Stochastic gradient descent (SGD) is widely being used in Machine Learning (ML) and Deep Learning (DL) nowadays. This is due to the fact that computing the gradient over the full dataset is computationally expensive given the massive real-world datasets. In this regard, SGD works perfectly with much lower computations compared to GD. This algorithm samples one data point randomly at each step and updates the weights only with respect to that data point. In this blog, I will provide the convergence proof for SGD with different settings.

The goal is minimizing an objective function on a dataset of N samples.

`f(x) = \sum_{i=1}^N f_i(x)`

Here is the update rule for SGD:

`x_{t+1} = x_t - \eta_t g_t(x_t)`

Where `g_t` is the stochastic gradient at point `x_t`, `g_t = \nabla f_i(x_t)` and `\mathbb{E} [g_t] = \nabla f(x_t)`. It means that `g_t` is an unbiased estimator of the true gradient.
------------------------------------------------------------------------------------------------------------------

Proof 1: I assume that we want to minimize a function `f: \mathbb{R}^d \rightarrow \mathbb{R}` which is convex and differentiable. I also assume that `\mathbb{E}[||g_t(x_t)||^2] < G^2` and `||x_0 - x^\star||^2 < R^2`.

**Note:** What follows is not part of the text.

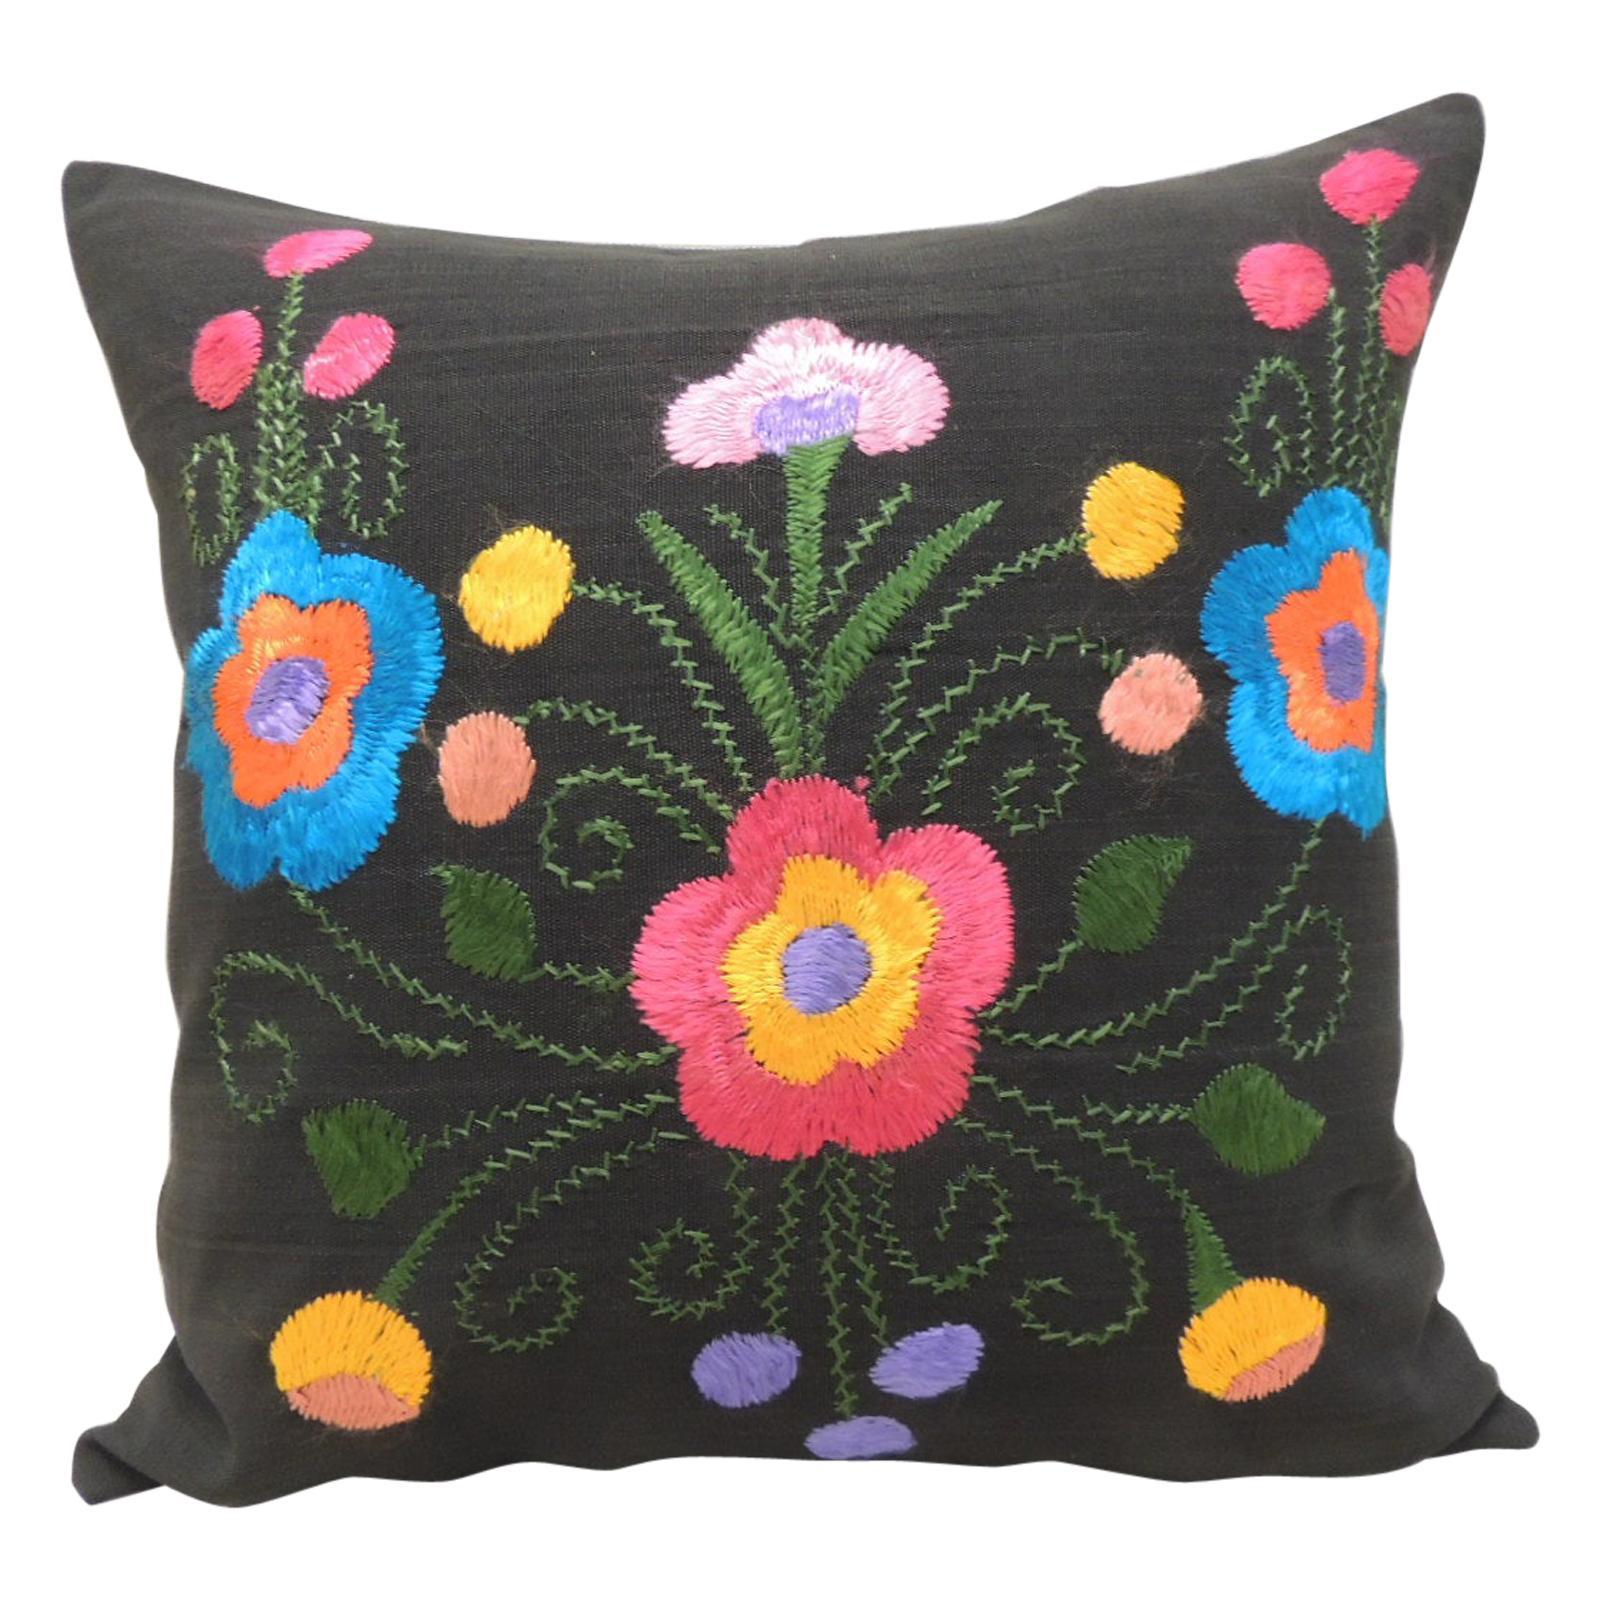 Blue and Orange Square Decorative Pillow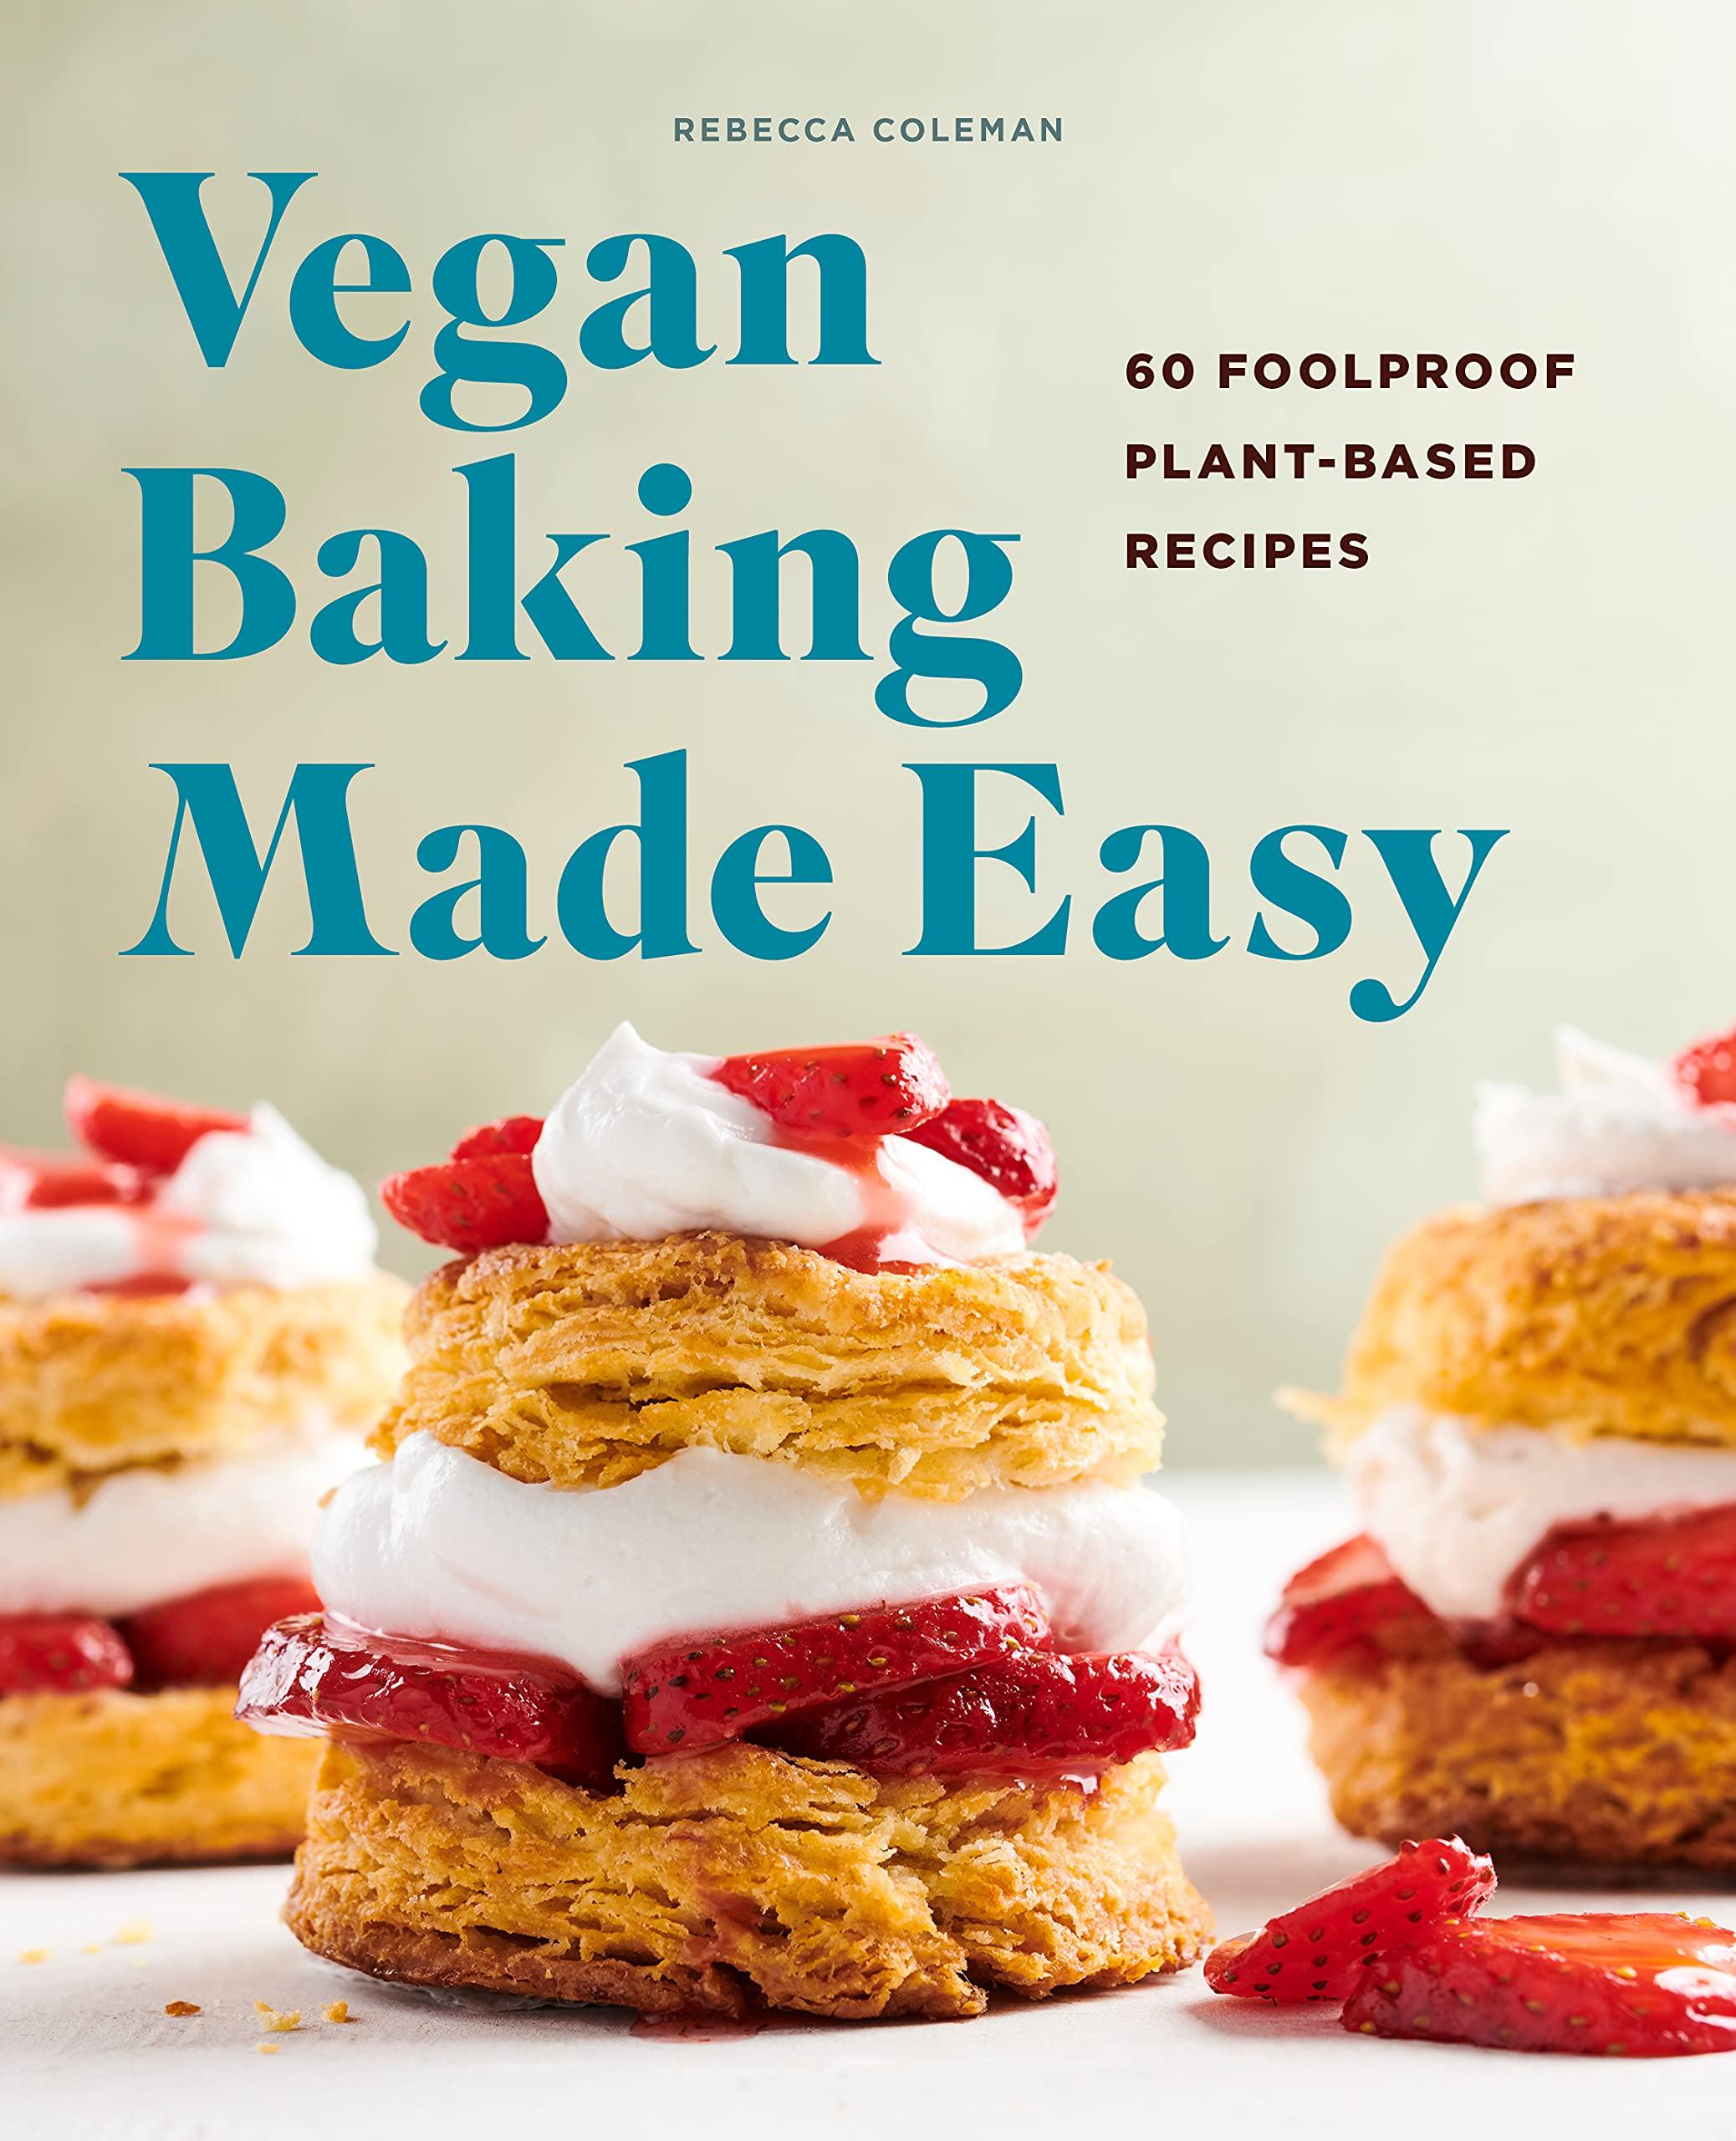 Introducing: Vegan Baking Made Easy

`||x_{t+1} - x^\star||^2 = ||x_t - \eta_t g_t - x^\star||^2 = ||x_t - x^\star||^2 + \eta_t^2||g_t||^2 -2\eta_t g_t^T(x_t - x^\star) `

`\rightarrow \mathbb{E}[||x_{t+1} - x^\star||^2|x_t] = \mathbb{E}[||x_{t} - x^\star||^2|x_t] + \eta_t^2 \mathbb{E}[||g_t||^2 |x_t] -2\eta_t \mathbb{E}[g_t^T | x_t](x_t - x^\star)`

`\rightarrow \mathbb{E}[||x_{t+1} - x^\star||^2|x_t] < ||x_{t} - x^\star||^2 + \eta_t^2G^2-2\eta_t \nabla f(x_t)^T(x_t - x^\star)`

From the convexity of `f` we can say:
`f(y)>f(x) + \nabla f(x)^T(y-x) \rightarrow f(x_t)-f(x^\star)> \nabla f(x_t)^T(x_t-x^\star)`

`\rightarrow \mathbb{E}[||x_{t+1} - x^\star||^2|x_t] < ||x_{t} - x^\star||^2 + \eta_t^2G^2-2\eta_t[f(x_t) - f(x^\star)]`

`\rightarrow \mathbb{E}[||x_{t+1} - x^\star||^2 - ||x_{t} - x^\star||^2 ] < \eta_t^2G^2-2\eta_t[f(x_t) - f(x^\star)]` `\rightarrow \sum_{t=0}^{T-1} \mathbb{E}[||x_{t+1} - x^\star||^2 - ||x_{t} - x^\star||^2 ] < \sum_{t=0}^{T-1} \eta_t^2G^2- \sum_{t=0}^{T-1} 2\eta_t[f(x_t) - f(x^\star)]` `\rightarrow \mathbb{E}[||x_{T} - x^\star||^2 - ||x_{0} - x^\star||^2 ] < T \eta_t^2G^2- \sum_{t=0}^{T-1} 2\eta_t[f(x_t) - f(x^\star)]` `\rightarrow \sum_{t=0}^{T-1} 2\eta_t[f(x_t) - f(x^\star)] < T \eta_t^2G^2 + ||x_0 - x^\star||^2 - ||x_T - x^\star||^2` `\rightarrow \sum_{t=0}^{T-1} 2\eta_t[f(x_t) - f(x^\star)] < T \eta_t^2G^2 + R^2`
`\rightarrow \frac{1}{T} \sum_{t=0}^{T-1} f(x_t) - f(x^\star) < \frac{\eta_t G^2}{2} + \frac{R^2}{2\eta_t T}`

Now we take the derivative of right hand side w.r.t `\eta_t` to minimize and and find a fixed `\eta`.

`\frac{d}{d \eta_t} (frac{\eta_t G^2}{2} + \frac{R^2}{2\eta_t T}) = 0 \rightarrow \eta_t = \frac{R}{G \sqrt{T}}`

Then we replace this learning rate and we have:

`\rightarrow \frac{1}{T} \sum_{t=0}^{T-1} f(x_t) - f(x^\star) < \frac{RG}{\sqrt{T}}`